Sacerdote dio un rodeo
Debemos ser misericordiosos unos con otros: “Porque estos mandamientos que yo te prescribo hoy no son superiores a tus fuerzas, ni están fuera de tu alcance.” (Dt 30, 11).
“Jesús respondió: «Bajaba un hombre de Jerusalén a Jericó, y cayó en manos de salteadores, que, después de despojarle y golpearle, se fueron dejándole medio muerto. Casualmente, bajaba por aquel camino un sacerdote y, al verle, dio un rodeo.” (Lc 10, 30-31)
Desde la prehistoria [si nos remitimos a los sumerios], algunos sacerdotes han gozado de los privilegios de una élite religiosa [ninguna religión escapa a esto]. En los 4 evangelios, Jesús confronta a ese poder religioso.
En el bautismo todos somos llamados a ser sacerdotes, profetas y reyes. Es decir, somos reyes porque hemos recibido la capacidad de guiar a quienes están bajo nuestro cuidado o autoridad. Somos profetas para anunciar la Palabra de Dios y denunciar injusticias. Los laicos participamos del sacerdocio común de los fieles [no del sacerdocio consagrado], porque ofrecemos la vida diaria a nuestro Padre Celestial.
Debemos ser misericordiosos unos con otros: “Porque estos mandamientos que yo te prescribo hoy no son superiores a tus fuerzas, ni están fuera de tu alcance.” (Dt 30, 11).
Tenemos la fuerza para ser misericordiosos, pero también para ejercitar nuestra vocación bautismal: sacerdotes, profetas y reyes. Al ser Iglesia, somos cristianos activos; no pasivos del cuerpo místico de Cristo: “Él es también la Cabeza del cuerpo, de la iglesia.” (Col 1, 18ª)
Como discípulos de Cristo, somos llamados a denunciar las injusticias de algunos que han construido su “poder religioso” y aplicar la certeza de castigo, como medida para “reparar” —de alguna forma— el daño cometido; más cuando recurren a recursos legales inmorales. Si el mismo Cristo los confrontó, denunció y corrigió, ¿quiénes somos nosotros para convertirnos en cómplices?
El evangelio nos sitúa en la imagen del sacerdote que ve al oprimido, lo rodea y no le brinda ayuda.
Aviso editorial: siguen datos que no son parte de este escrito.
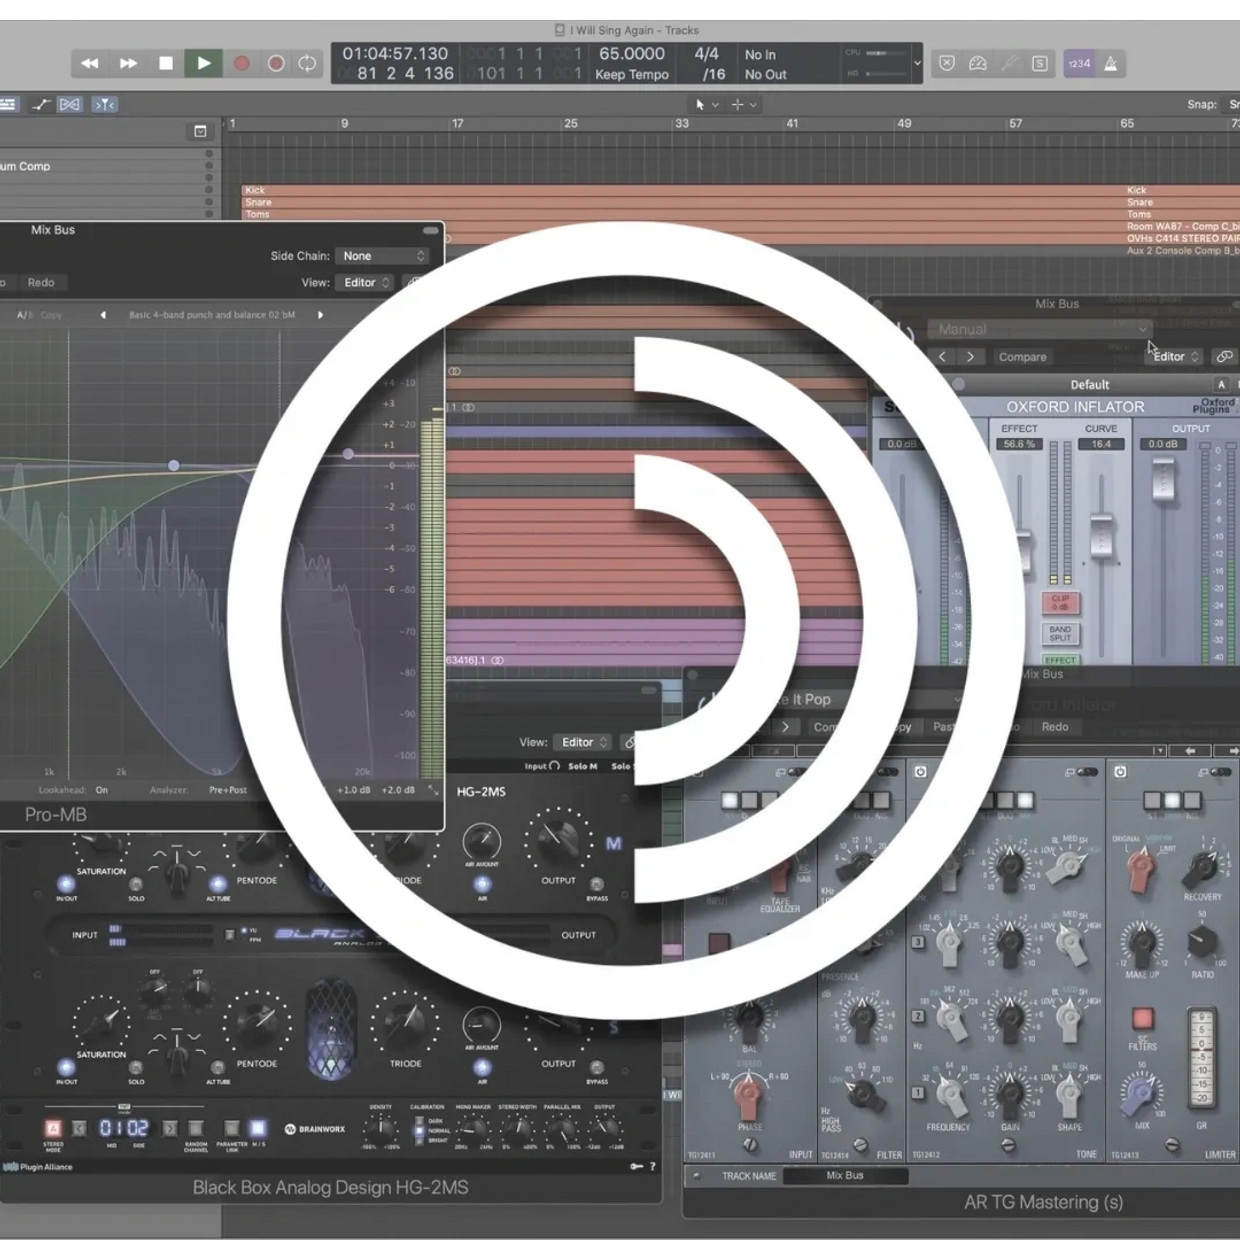 Audio Plugins - The Echo Studio

Desde nuestra indiferencia, silencio y complicidad, también podemos ser ese sacerdote. ¡Ojalá que, así como el legista interrogó a Jesús; algún juez actual le pregunte hoy a Cristo si en sus decisiones judiciales está amando al prójimo que fue golpeado, asaltado, humillado o está siendo cómplice del mal!
No seamos sordos ante el oprimido que grita: “¡Respóndeme, Yahveh, pues tu amor es bondad; en tu inmensa ternura vuelve a mí tus ojos..!” (Sal 69(68), 17). Asumamos la actitud de ayudar al oprimido: “Un samaritano que iba de camino llegó junto a él, y al verle tuvo compasión; y, acercándose, vendó sus heridas, echando en ellas aceite y vino; y montándole sobre su propia cabalgadura, le llevó a una posada y cuidó de él.” (Lc 10, 33-34)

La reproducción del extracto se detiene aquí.